What AI actually does is eliminate the hours spent on the lowest-value task in the RFP process: finding information. Without AI, a sales engineer spends most of their time hunting through past proposals, Confluence pages, and SharePoint drives to find the relevant paragraph, then reformatting it to match the questionnaire’s requirements. With a well-built RAG system, that search-and-format step happens in seconds.
The time saved is massive. But the real value is in the sources. When your AI-generated answers come with citations pointing to the exact document and section they were pulled from, your reviewer can immediately:
- Open the source to verify the answer is still accurate
- Refine the language to better match the specific prospect’s requirements
- Confirm that compliance claims reflect your current certifications
This is a trust layer. Your team isn’t blindly submitting AI outputs. They’re operating with a pre-filled draft that dramatically accelerates their review process. From days of writing to hours of reviewing.
Detecting and filling knowledge gaps
One of the most valuable side effects of running AI queries against your knowledge base is that it exposes the gaps.
When a question comes back with a low-confidence answer, or the assistant flags something with [[DOUBLE BRACKETS]], that’s a signal: your documentation doesn’t cover this topic well enough. This is actionable intelligence.
Here’s the process for turning gaps into permanent improvements:
- Flag the question during review as a gap
- Route it to the right person (security lead, engineering, product manager) to write the authoritative answer
- Add the approved answer as a new resource in Lookio (a simple text upload or API call)
- Next time that question, or any semantically similar question, appears in an RFP, the assistant has the answer
Over months, this creates a self-improving system.
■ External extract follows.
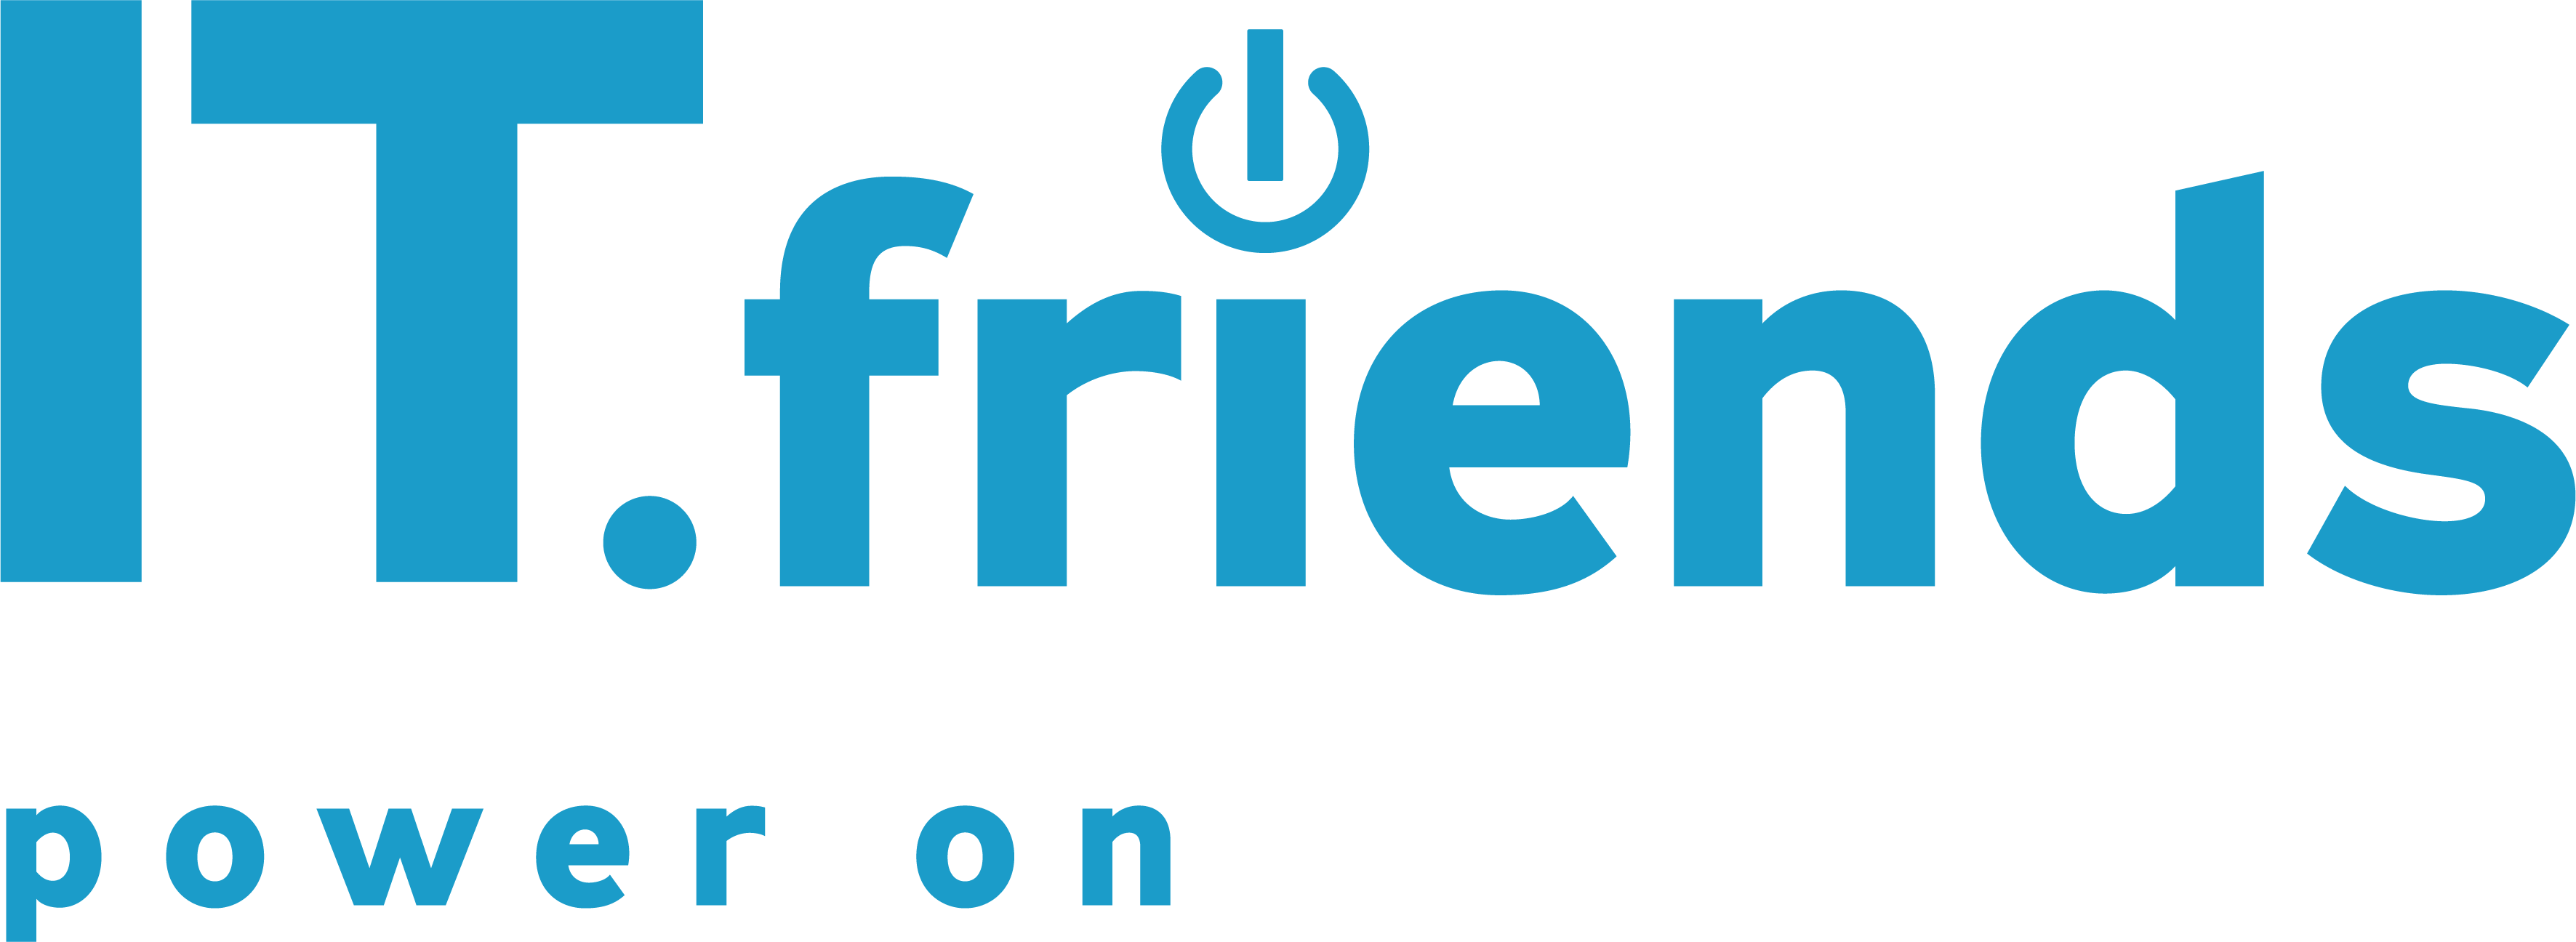 IT Friends logo

Every RFP you complete enriches your knowledge base for the next one. The 80% coverage becomes 85%, then 90%, then 95%. The questions that need manual attention become increasingly rare and increasingly specific.
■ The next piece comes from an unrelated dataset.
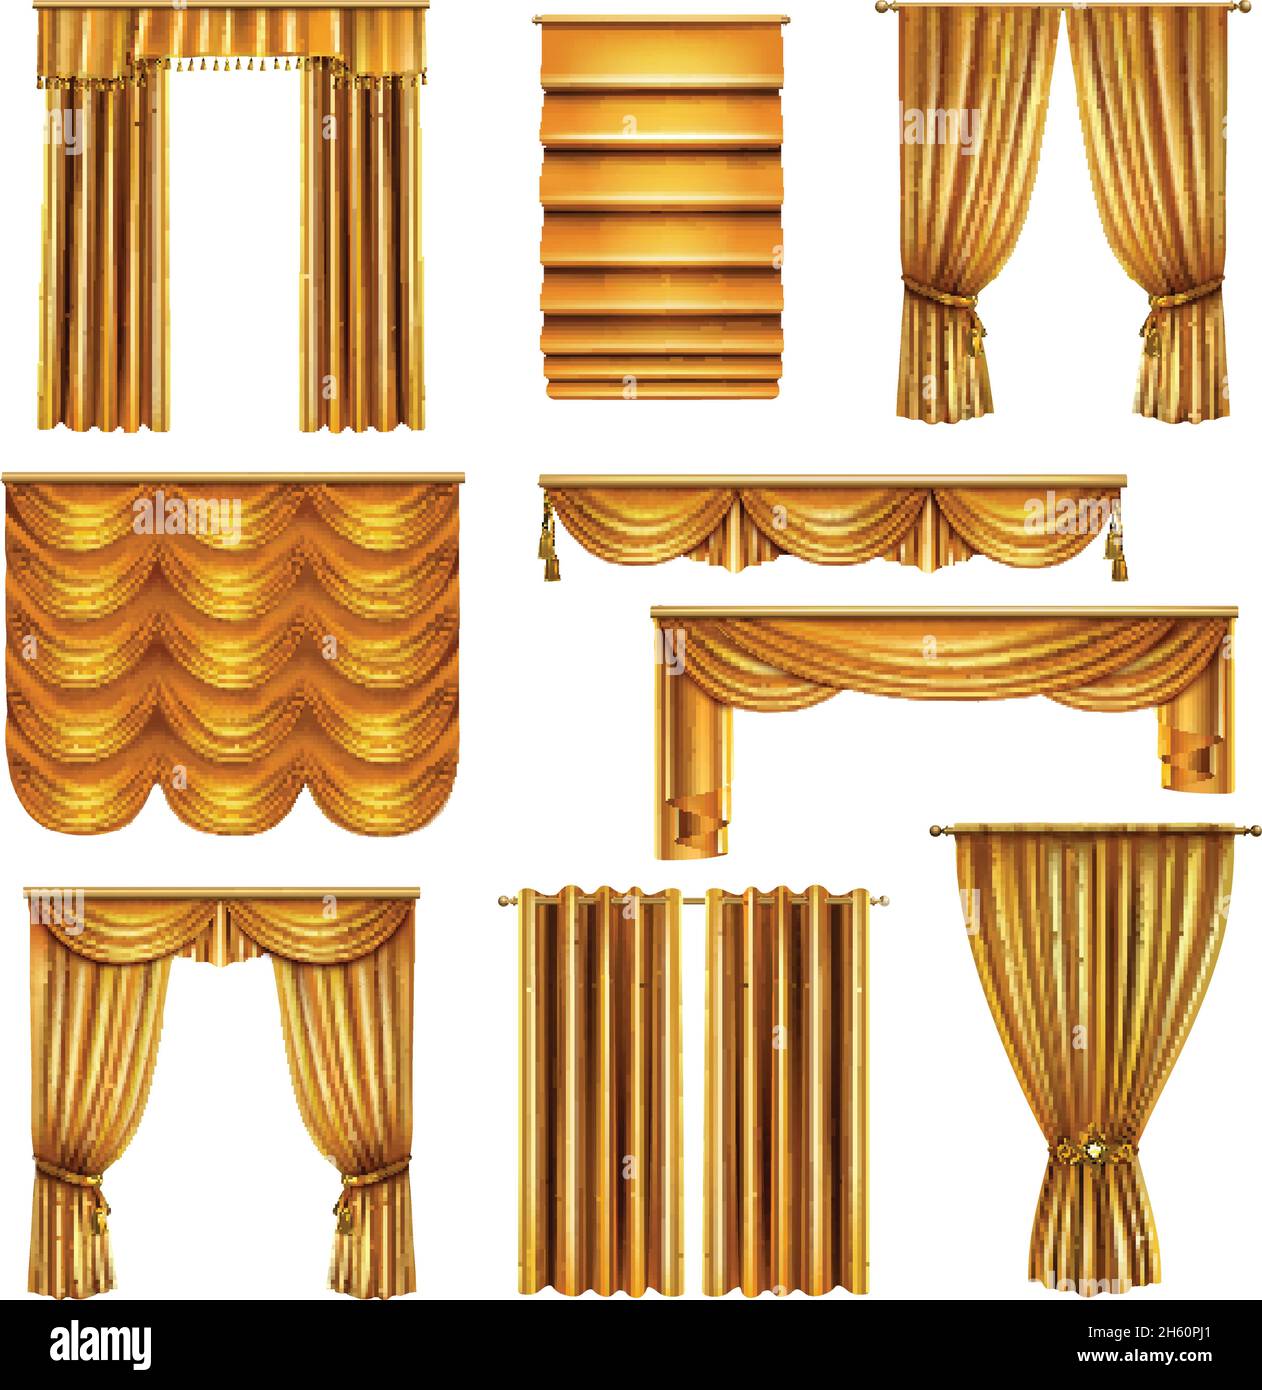 Ensemble de rideaux dorés de luxe et réalistes de différents motifs drapery avec éléments décoratifs illustration vectorielle isolée Illustration de Vecteur

Going further with AI agents
For teams that are already working with AI coding agents like Claude Code or Antigravity, you can take this a step further. Instead of running a workflow manually, you can write a skill that your agent executes autonomously.
We’ve published an agent skill template designed specifically for this. Your agent reads the CSV, connects to Lookio via the MCP Server or the CLI, iterates through every question, and writes the completed answers back to a new file, all without you touching a browser.
The agent can even be instructed to use different query modes based on the question type: Flash for standard security compliance questions (“Do you encrypt data at rest?”) and Deep for complex architectural questions (“Describe your multi-tenant isolation strategy and how it handles cross-account data segregation”).

Beyond answering questions, these agents can also maintain your knowledge base. When your product ships a new feature, when you achieve a new certification, or when a policy changes, an agent can update the relevant resource in Lookio via the API, ensuring the next RFP run automatically reflects the latest information.
Getting started in 30 minutes
Here’s the practical path to your first automated RFP response:
- Create a free Lookio account (100 free credits, no credit card)
- Upload 3 to 5 key documents: your best past RFP, your SOC 2 report, and your core product documentation
- Create an RFP assistant using our prompt template as a starting point
- Test it with 10 real questions from a recent RFP using the Lookio interface
- Scale it by deploying the bulk CSV workflow in n8n or your preferred automation tool
The companies that win the most RFPs aren’t the ones with the largest proposal teams. They’re the ones who’ve systematized their knowledge so completely that answering 200 questions is a matter of clicking a button and spending an afternoon reviewing, not a week of writing from scratch.
Your documentation already contains the answers. The only thing missing is a system that retrieves them on demand.